ExecutorDeviceType getDeviceType() const

const ResultSetStorage *allocateStorage() const

const ResultSetStorage *allocateStorage(int8_t *, const std::vector<int64_t>&, std::shared_ptr<VarlenOutputInfo> = nullptr) const

const ResultSetStorage *allocateStorage(const std::vector<int64_t>&) const

void updateStorageEntryCount(const size_t new_entry_count)

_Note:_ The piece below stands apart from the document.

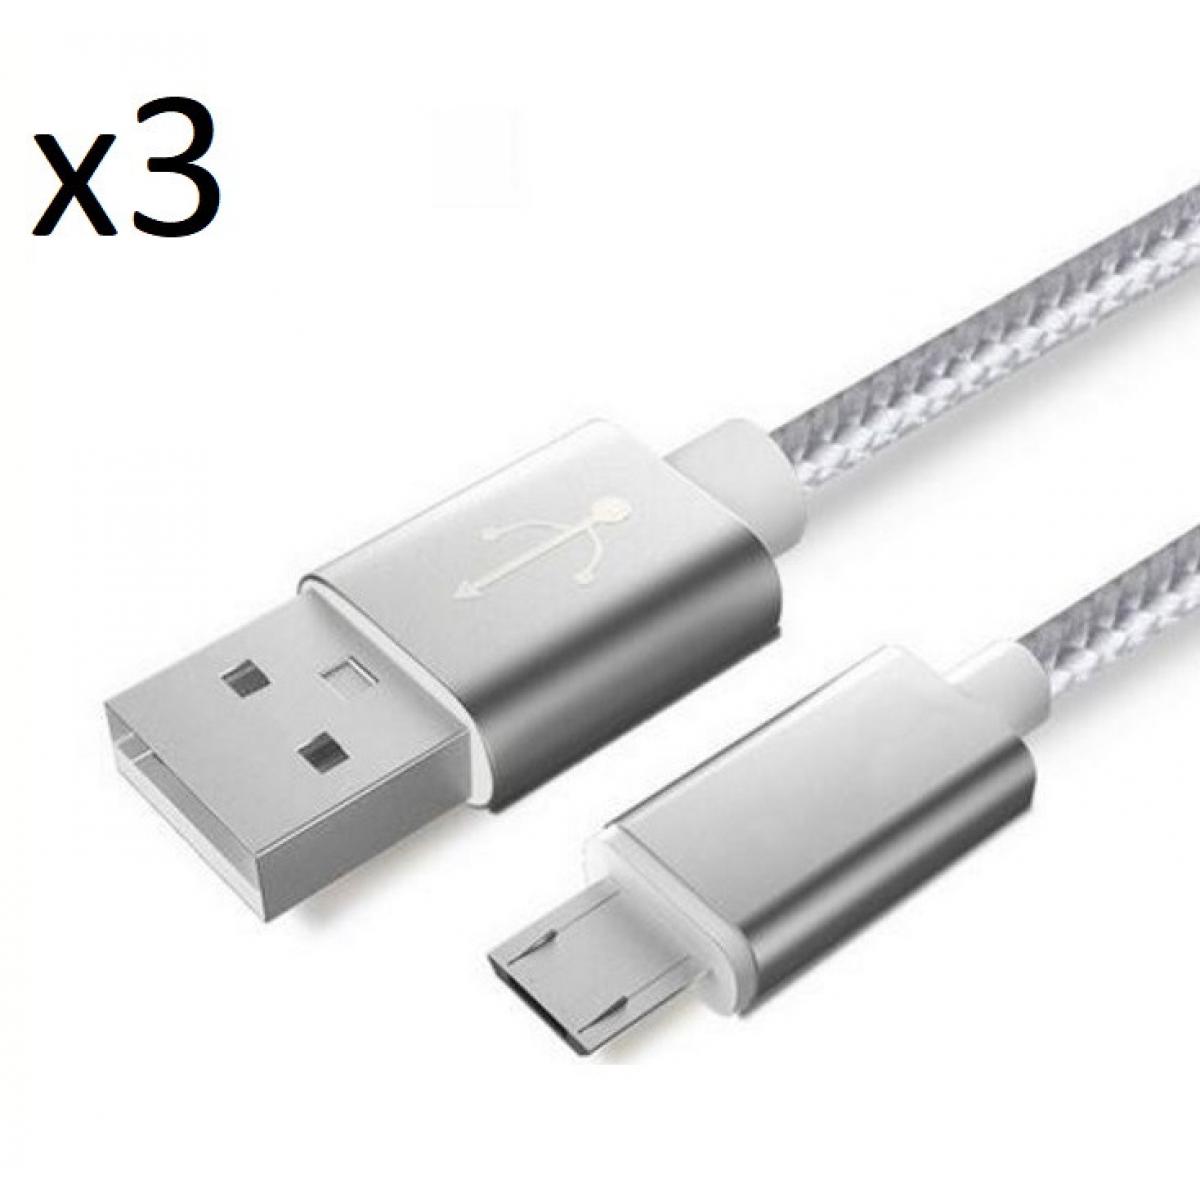 Shot - Pack de 3 Cables Metal Nylon Micro USB pour GIONEE F9 PLUS Smartphone Android Chargeur (ARGENT) - Chargeur secteur téléphone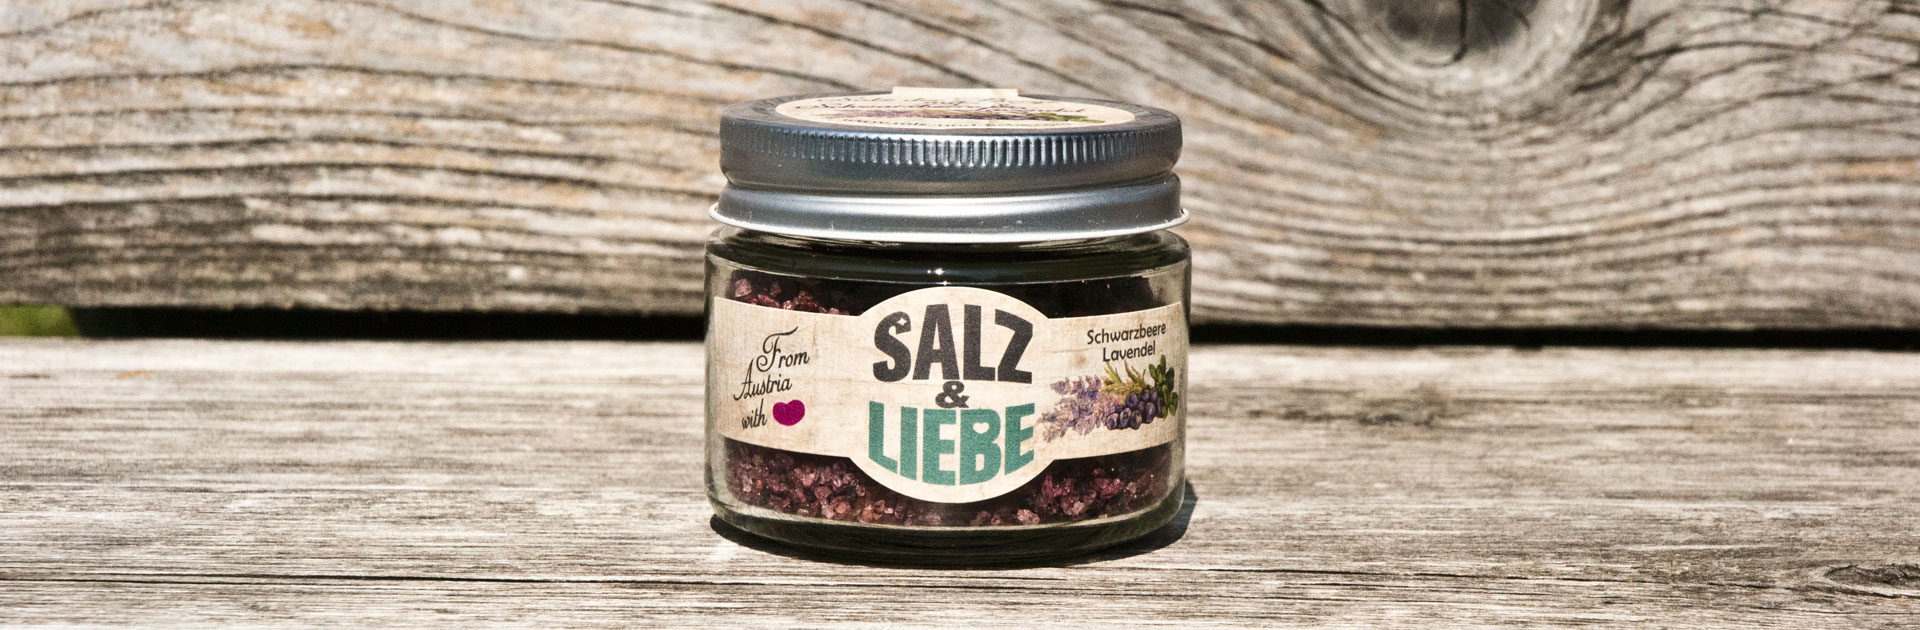 Salz und Liebe - Schwarzbeere Lavendel grobes Bergsalz

std::vector<TargetValue> getNextRow(const bool translate_strings, const bool decimal_to_double) const

size_t getCurrentRowBufferIndex() const

std::vector<TargetValue> getRowAt(const size_t index) const

TargetValue getRowAt(const size_t row_idx, const size_t col_idx, const bool translate_strings, const bool decimal_to_double = true) const

OneIntegerColumnRow getOneColRow(const size_t index) const

std::vector<TargetValue> getRowAtNoTranslations(const size_t index, const std::vector<bool> &targets_to_skip = {}) const

bool isRowAtEmpty(const size_t index) const

void sort(const std::list<Analyzer::OrderEntry> &order_entries, size_t top_n, const Executor *executor)

void keepFirstN(const size_t n)

void dropFirstN(const size_t n)

void append(ResultSet &that)

const ResultSetStorage *getStorage() const

size_t colCount() const

SQLTypeInfo getColType(const size_t col_idx) const

size_t rowCount(const bool force_parallel = false) const

Returns the number of valid entries in the result set (i.e that will be returned from the SQL query or inputted into the next query step)

Note that this can be less than or equal to the value returned by ResultSet::getEntries(), whether due to a SQL LIMIT/OFFSET applied or because the result set representation is inherently sparse (i.e. baseline hash group by).

Internally this function references/sets a cached value (cached_row_count_) so that the cost of computing the result is only paid once per result set.

If the actual row count is not cached and needs to be computed, in some cases that can be O(1) (i.e. if limits and offsets are present, or for the output of a table function). For projections, we use a binary search, so it is O(log n), otherwise it is O(n) (with n being ResultSet::entryCount()), which will be run in parallel if the entry count >= the default of 20000 or if force_parallel is set to true

Note that we currently do not invalidate the cache if the result set is changed (i.e appended to), so this function should only be called after the result set is finalized.

Parameters

• force_parallel: Forces the row count to be computed in parallel if the row count cannot be otherwise be computed from metadata or via a binary search (otherwise parallel search is automatically used for result sets with entryCount() >= 20000)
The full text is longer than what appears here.